The government has selected Coal India Ltd (CIL), Life Insurance Corporation (LIC), Indian Overseas Bank (IOB), and Indian Railway Finance Corporation (IRFC) for selling shares in the stock market in the first two quarters of FY27. The sale will be phased to align with stable market conditions to prevent any volatility before the shares are offloaded.
Specifically, the government may reduce up to 2% stake in Coal India through an offer for sale, while an LIC offer for sale is anticipated in the second quarter, between July and September. Further stake dilution in IOB and IRFC is being considered, with the timing dependent on market stability, as per a report by NDTV Profit.
With an ambitious target of Rs 80,000 crore through disinvestment and asset monetization in FY27, the government aims for a significant increase from the revised estimate of Rs 33,837 crore for FY26. The strategy includes major public sector entities’ strategic sales and Offer for Sale (OFS) pipelines to boost non-tax revenues.

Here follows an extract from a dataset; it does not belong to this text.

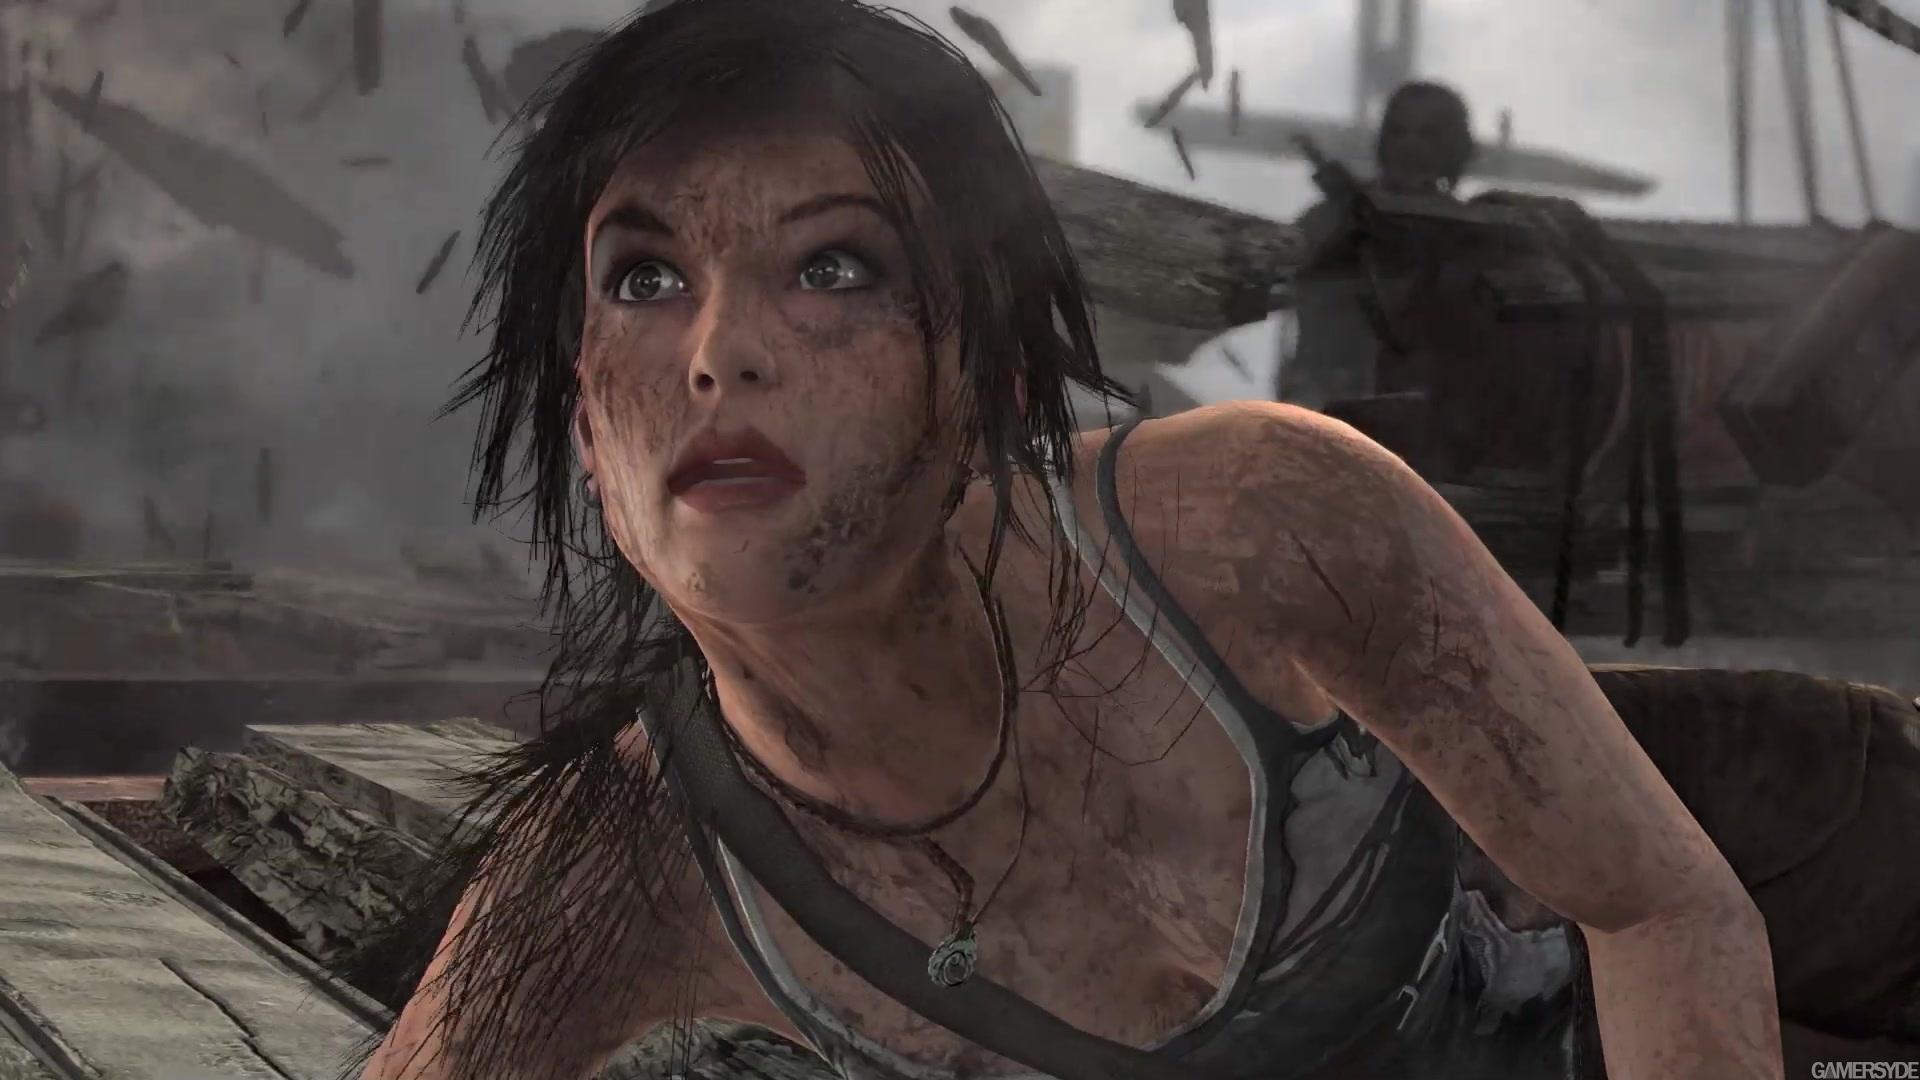 image tomb raider 24052 1912 0020 تصاویر جدیدی از عنوان Tomb Raider: Definitive Edition منتشر شد

The government has already divested a 2.17% stake in IOB in December 2025 and a 2% stake in IRFC in February 2026. Additionally, an 8% stake sale in Central Bank of India was announced, with the non-retail offer for sale portion being oversubscribed 2.35 times.
Finance Minister Nirmala Sitharaman, during the post-budget press conference, affirmed the government’s commitment to pursue all approved disinvestment proposals, emphasizing continuity in the asset-sale strategy despite slower progress in 2025-26. The government aligns its asset monetization plans with the stock market’s capacity to absorb shares, ensuring a well-defined pipeline for effective implementation.
A senior government official highlighted the government’s robust asset monetization plan supported by a clearly outlined pipeline, expressing confidence in reaping benefits from this strategy.